When it comes to making an offer, it’s worth remembering that, if you like a property that’s for sale, it’s almost certain someone else will also be keen.
In fact, there could be several would-be buyers jostling to get their hands on the property.
That means you’re in a competition. Having a plan can help put you in pole position to win.
Here are the core elements of your strategy for success when you make your offer.
Get a ‘mortgage in principle’
A mortgage in principle confirms to a seller and their estate agent that you deserve to be taken seriously as a potential buyer.
It’s a statement from a bank or building society that says it is willing to lend you a certain amount of money, so you can show that you can afford the property and that the transaction has every chance of proceeding smoothly.
If you’re up against another would-be buyer who doesn’t have a mortgage in principle, your having one could be the deciding factor (note that in Scotland you must have one before you submit a bid).
A mortgage in principle is based on your financial situation and usually lasts for between two and three months. After that, the lender will probably want to check nothing major has changed with your finances.
And as it’s ‘in principle’, there’s no guarantee you’ll get the actual loan on the same terms if you circumstances have altered or if, say, interest rates have gone up.
Put in a realistic offer
There’s a fine art to making an offer on a property. Too high and you risk paying more than you need. Too low and you might be beaten to the prize by another buyer.
So how do you work out what your offer should be?
The best place to start is with our house price research tool. You enter the address of the property you’re interested in and we provide an estimate of what it is currently worth along with information on prices for other properties in the same street.
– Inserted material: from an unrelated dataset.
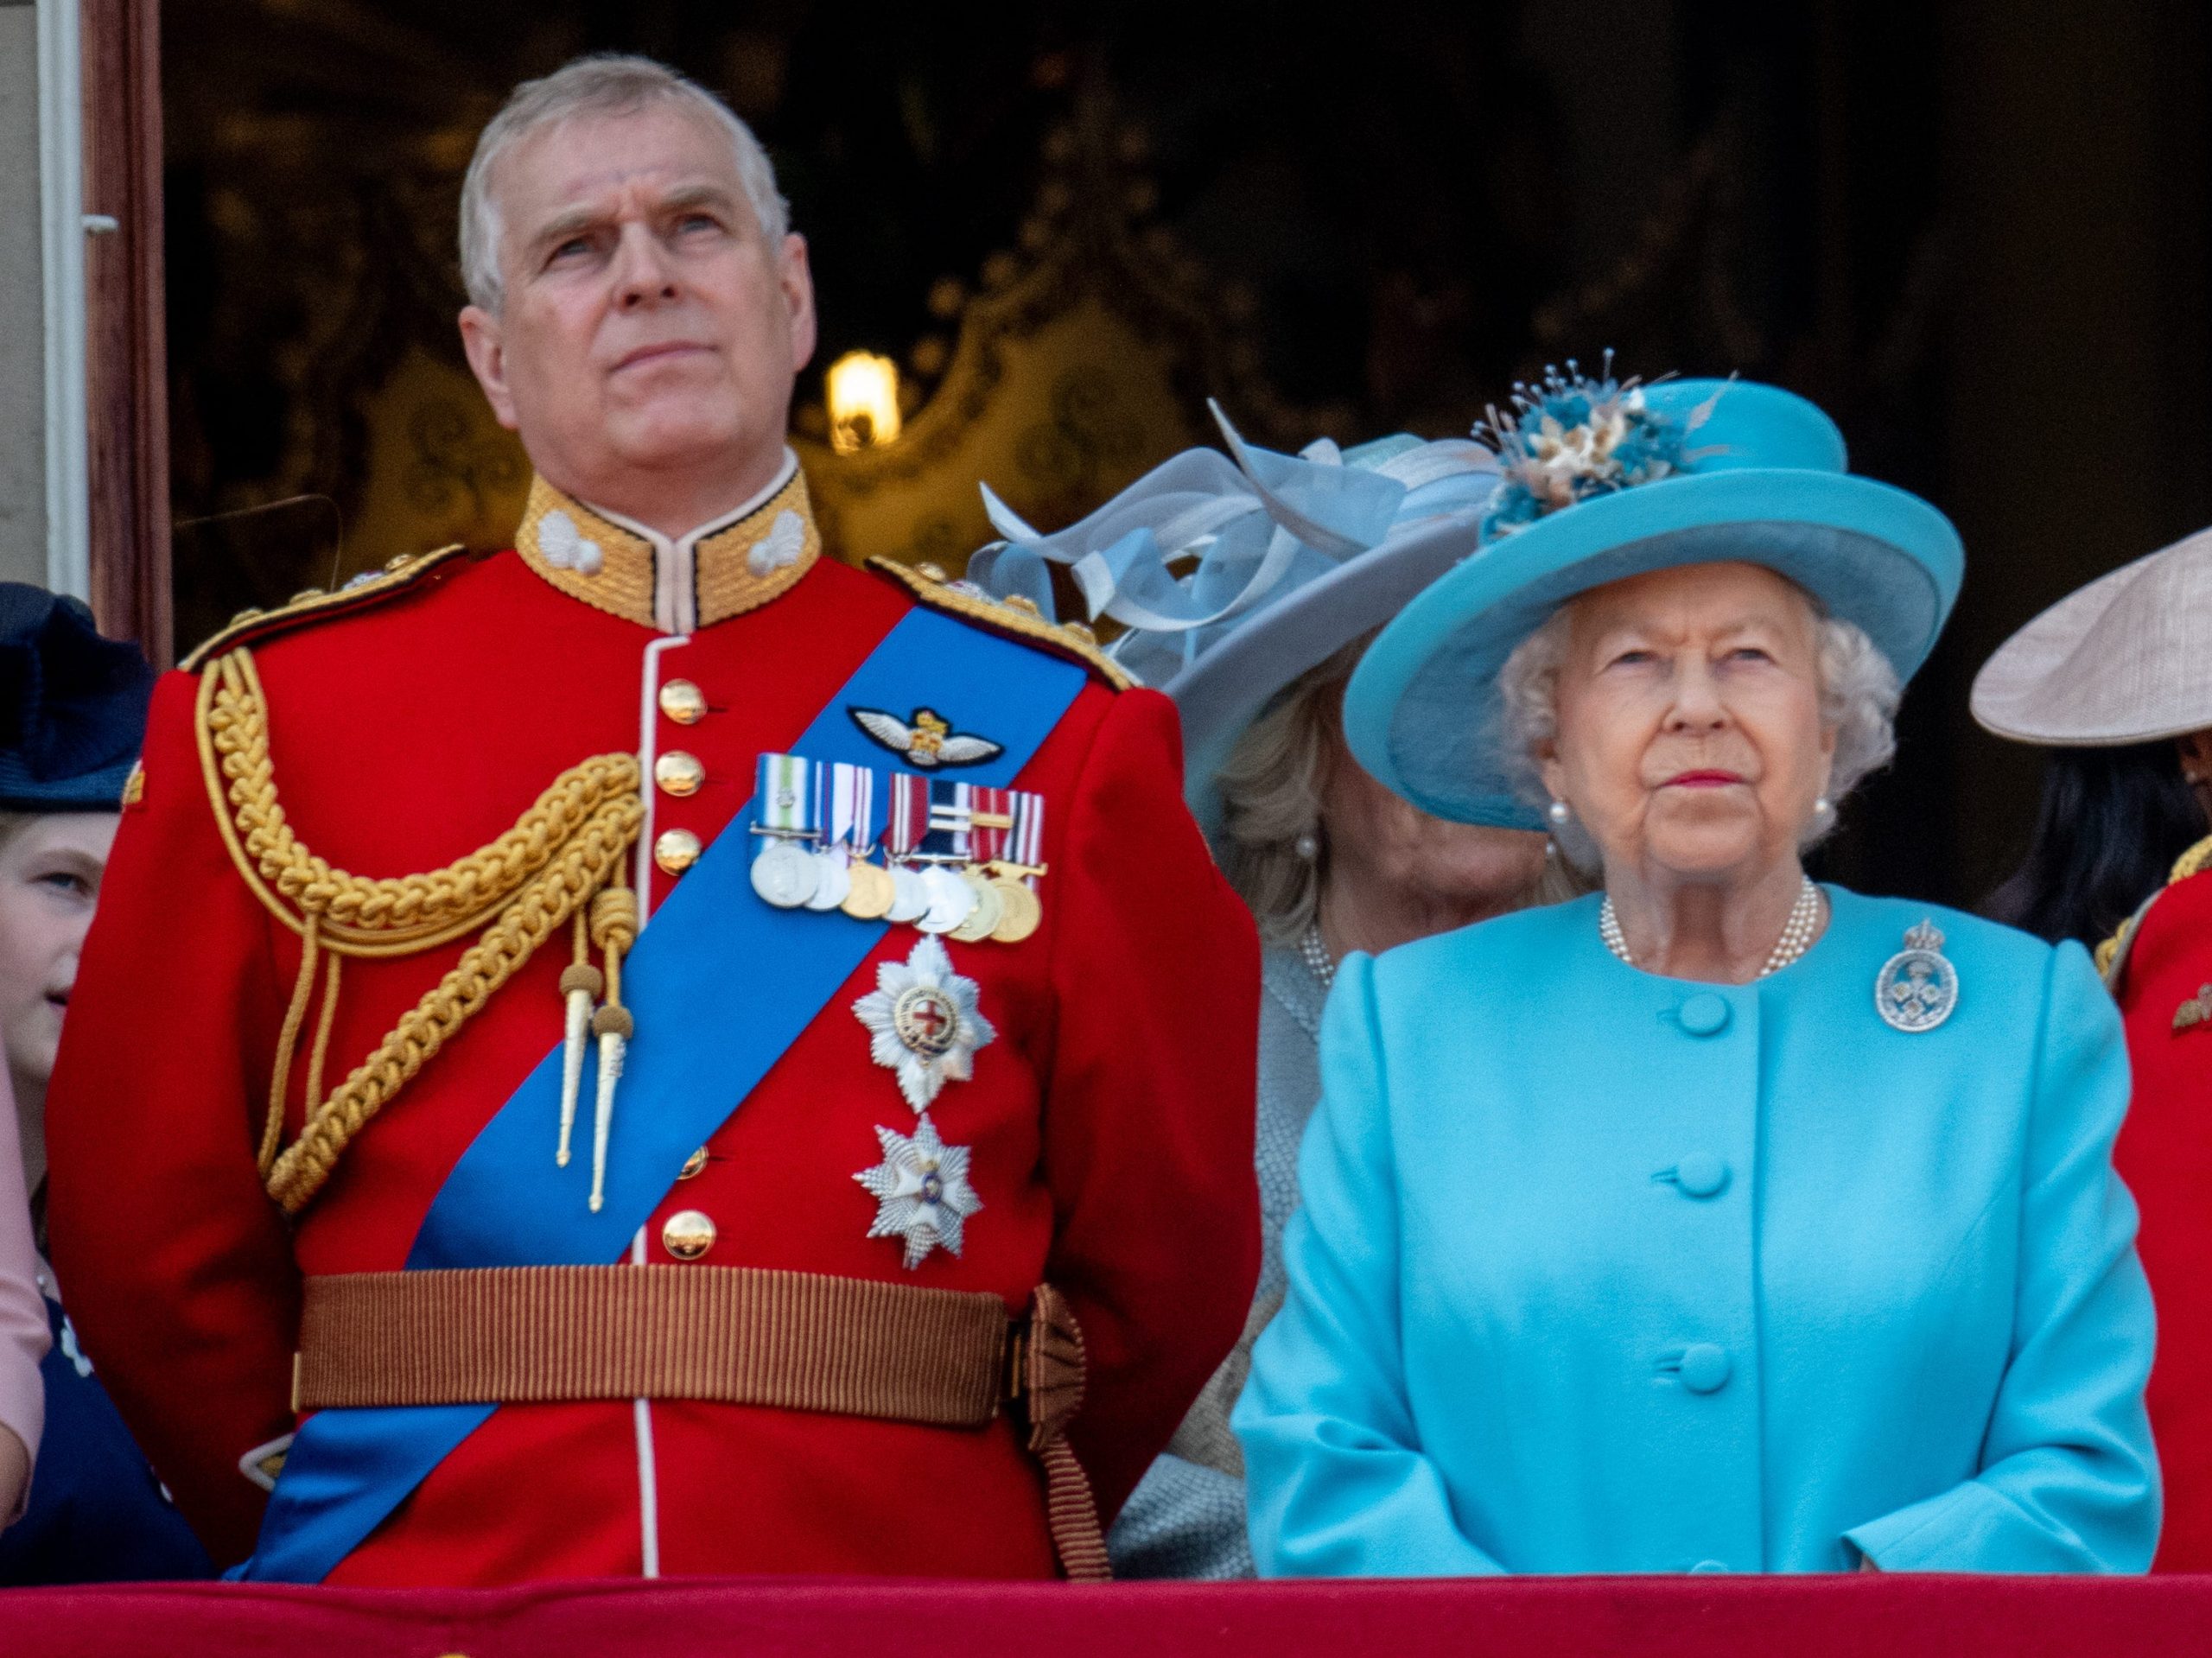 The Duke of York and Queen Elizabeth II

If the data exists, we can also tell you how much your target property fetched last time it was sold.
Armed with this information, you should begin to get a sense of how close your offer needs to be to the listed asking price.
Talking to the estate agent will also help. They represent the seller, of course, and they want to get the best price they can. But they’re professionals who understand the local market better than anyone and who know what a realistic price would be.
Give yourself some room to negotiate
OK, so you’ve done your research, chatted to the estate agent, and made what you believe is a reasonable offer for the property.
The next thing that you’ll hear is whether your offer has been accepted or not.
If it hasn’t, you can decide whether or not to increase it – provided, of course, you’ve got the funds available to pay a higher asking price (and to pay the required 10% deposit, which is due if and when you exchange contracts further down the line).
If you don’t want to or can’t increase your offer, you can try to negotiate with the estate agent.
The main bargaining chip at your disposal is that you’re a first-time buyer. That means you don’t have a property to sell, so you are not in a property chain.
That can be very attractive to a seller if they in turn are trying to secure their next property and want to sell their existing one quickly.
In fact, escaping the constrictions of a property chain might be attractive enough for the seller to tell their agent to accept a lower offer than one from someone who is in a chain.
It’s certainly worth pushing this point if you are at or close to the upper limit of what you can afford.
Get the property taken off the market
Once your office is accepted, get the estate agent to take the property off the market. There’s nothing legally binding about making or accepting an offer, so if another buyer arrives on the scene and improves on your offer, the seller is able to accept it.
That’s known as gazumping, and there’s less chance of it happening if the property is no longer listed.